[Start of Attachment]

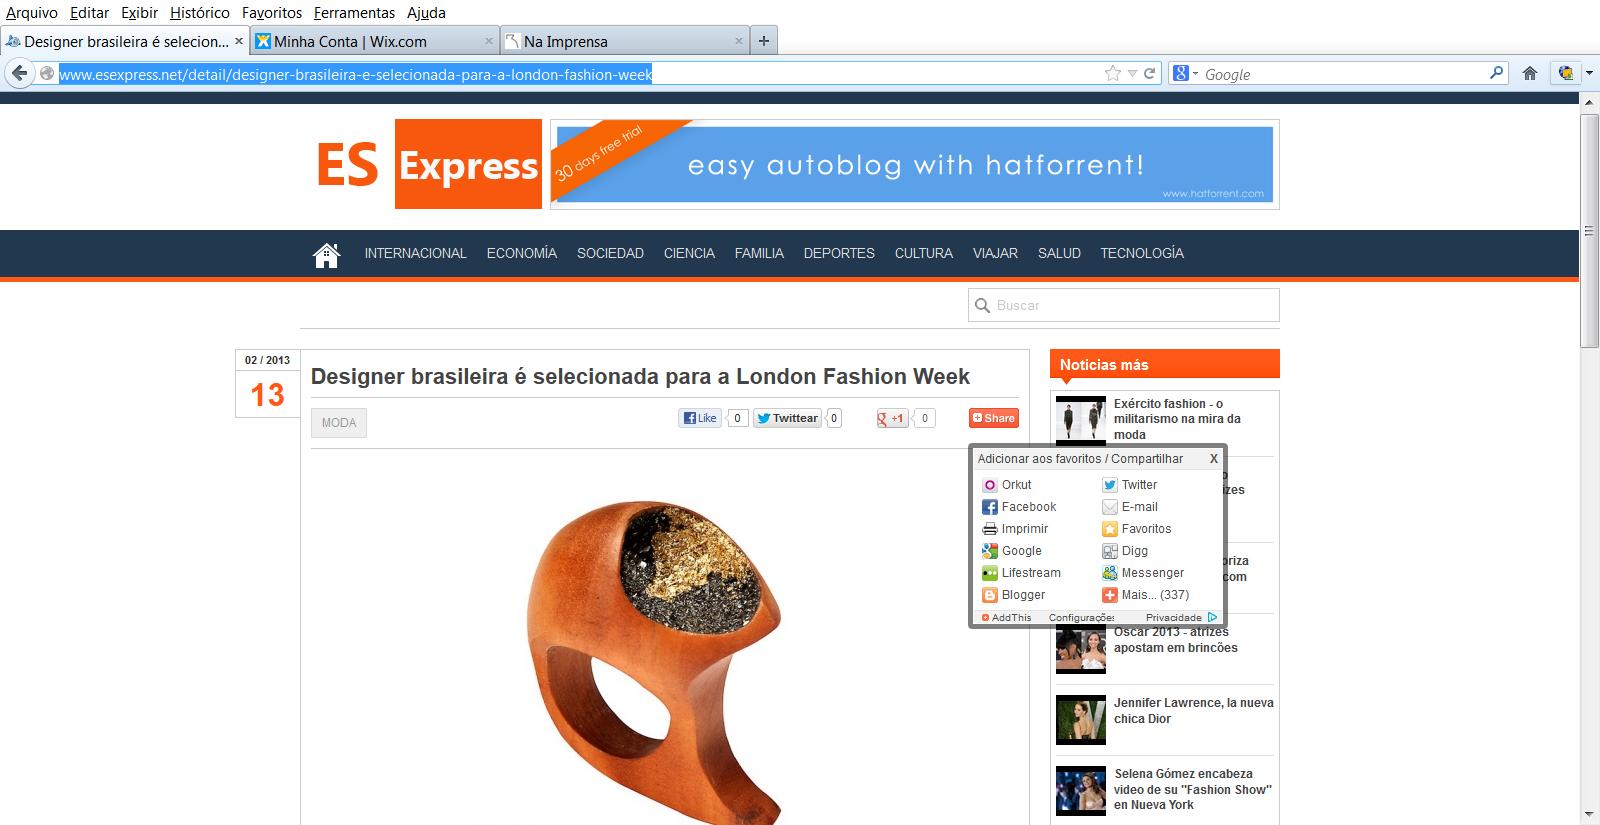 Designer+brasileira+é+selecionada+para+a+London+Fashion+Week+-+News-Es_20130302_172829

[End of Attachment]
[Start of Attachment]

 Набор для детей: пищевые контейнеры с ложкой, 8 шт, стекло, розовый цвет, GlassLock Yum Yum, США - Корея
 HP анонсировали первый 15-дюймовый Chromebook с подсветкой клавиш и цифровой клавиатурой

[End of Attachment]
[Start of Attachment]

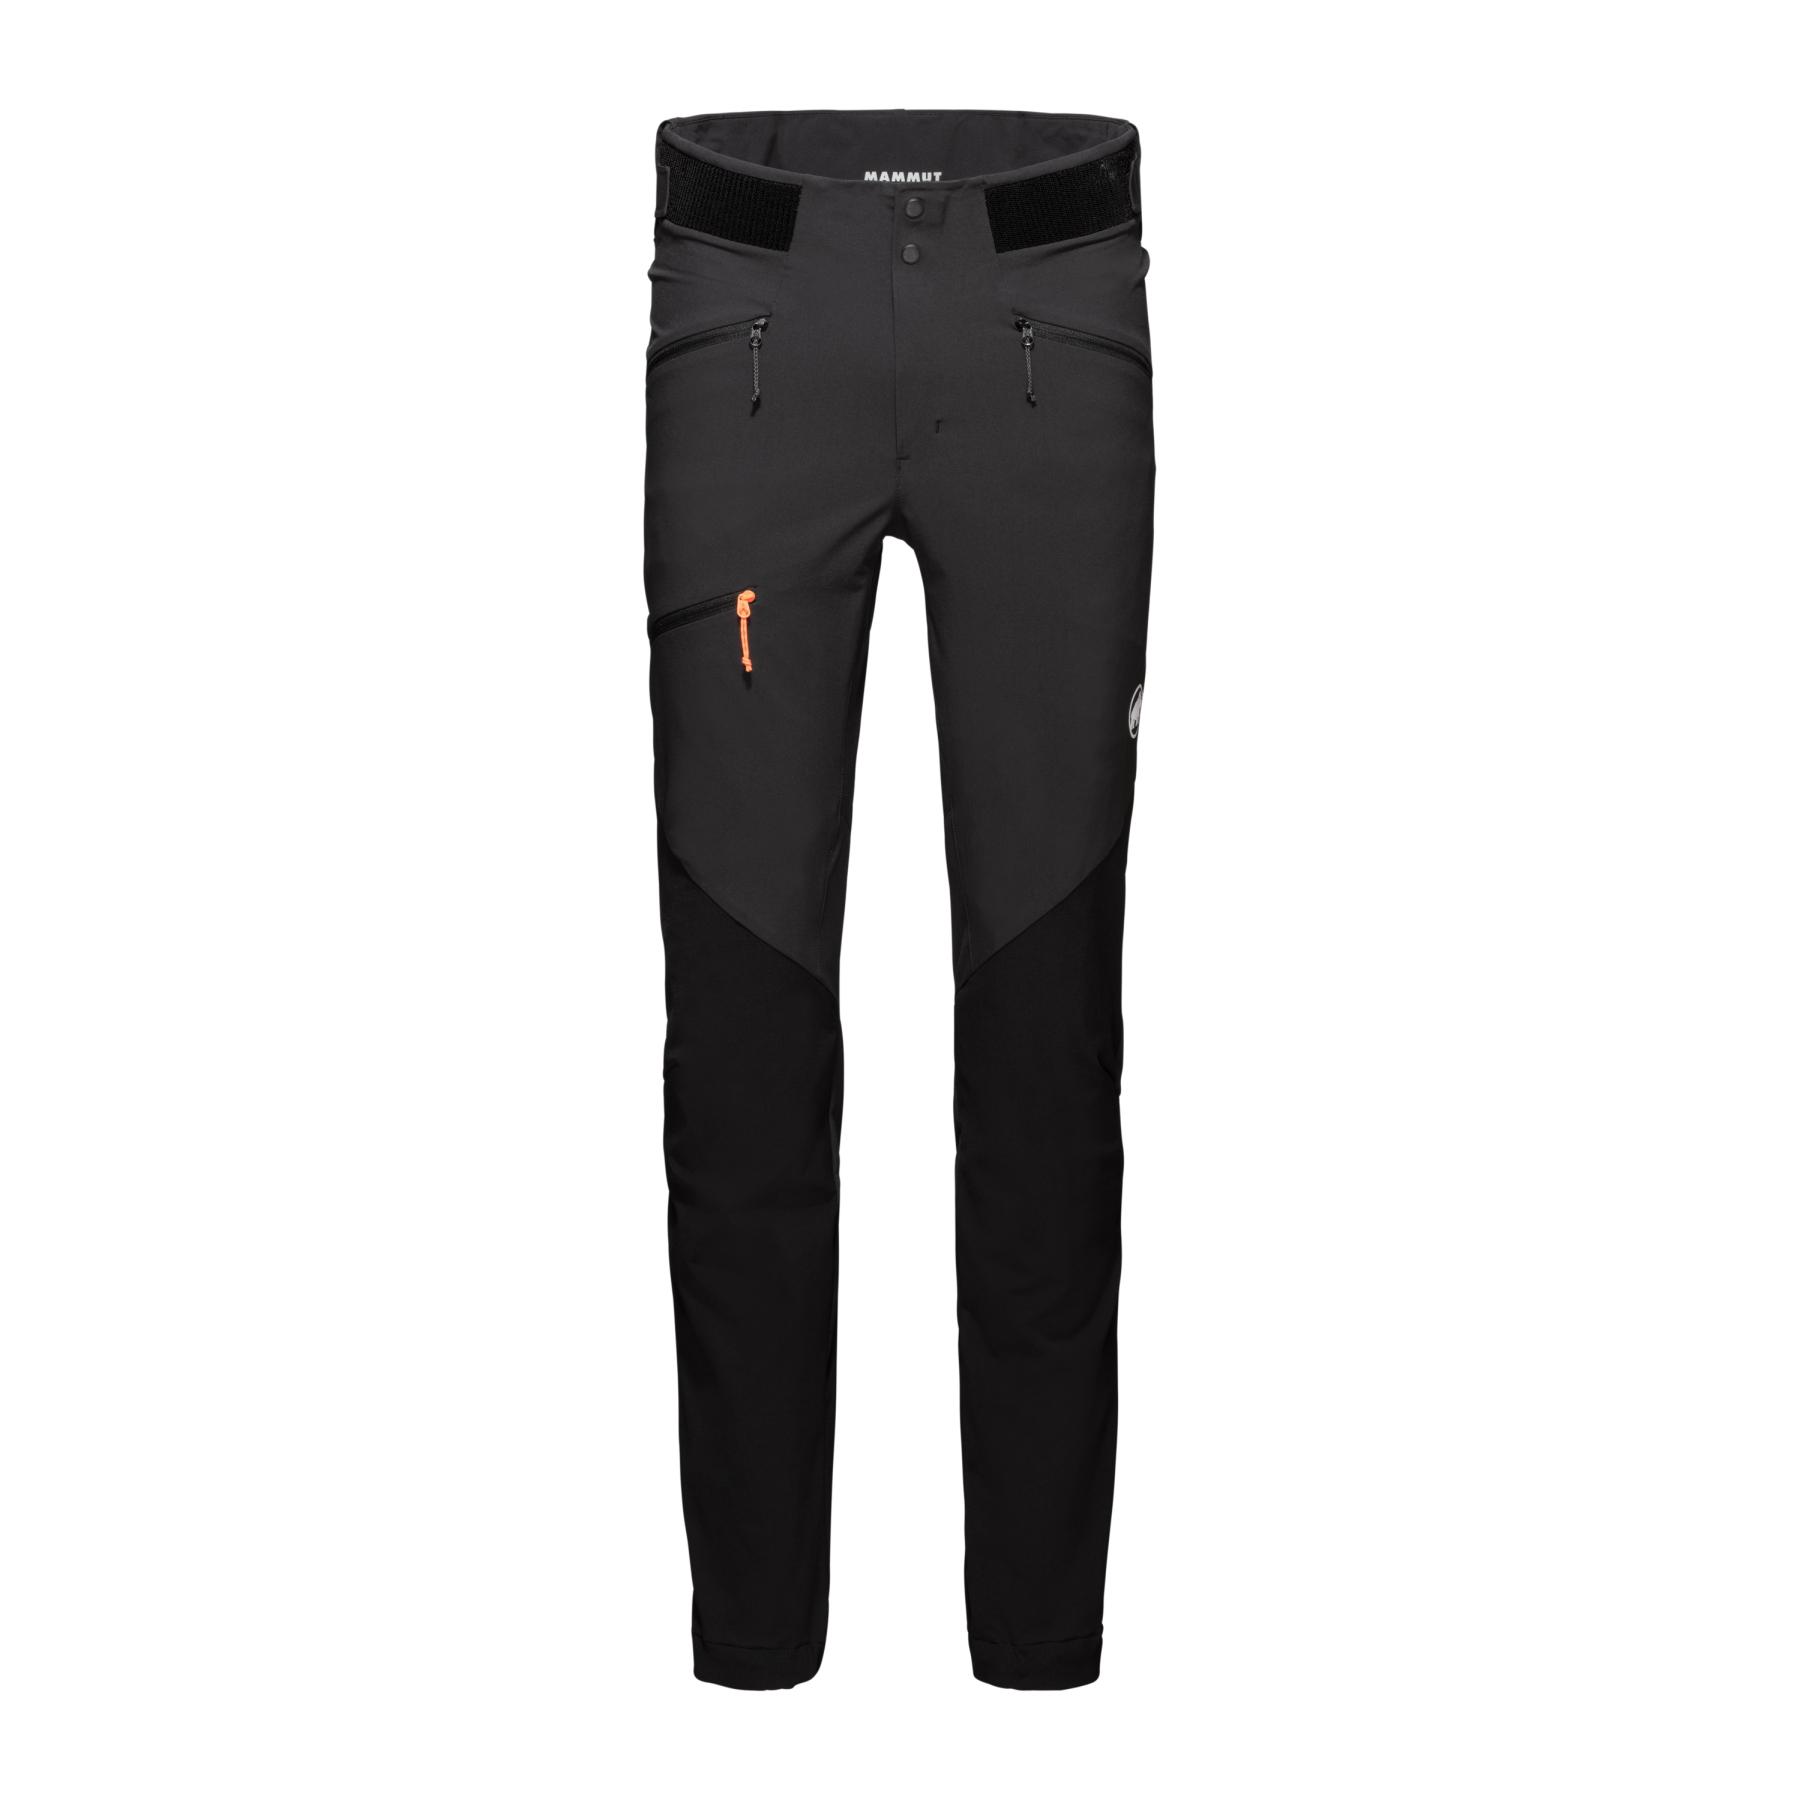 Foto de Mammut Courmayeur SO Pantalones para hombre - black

[End of Attachment]

◆ **PROBLEM**: Return, with no change at all, every line in the entries above from the line containing "Набор для детей: пищевые" through the line containing "HP анонсировали первый".

◆ **RESPONSE TO THIS EXERCISE**:
 Набор для детей: пищевые контейнеры с ложкой, 8 шт, стекло, розовый цвет, GlassLock Yum Yum, США - Корея
 HP анонсировали первый 15-дюймовый Chromebook с подсветкой клавиш и цифровой клавиатурой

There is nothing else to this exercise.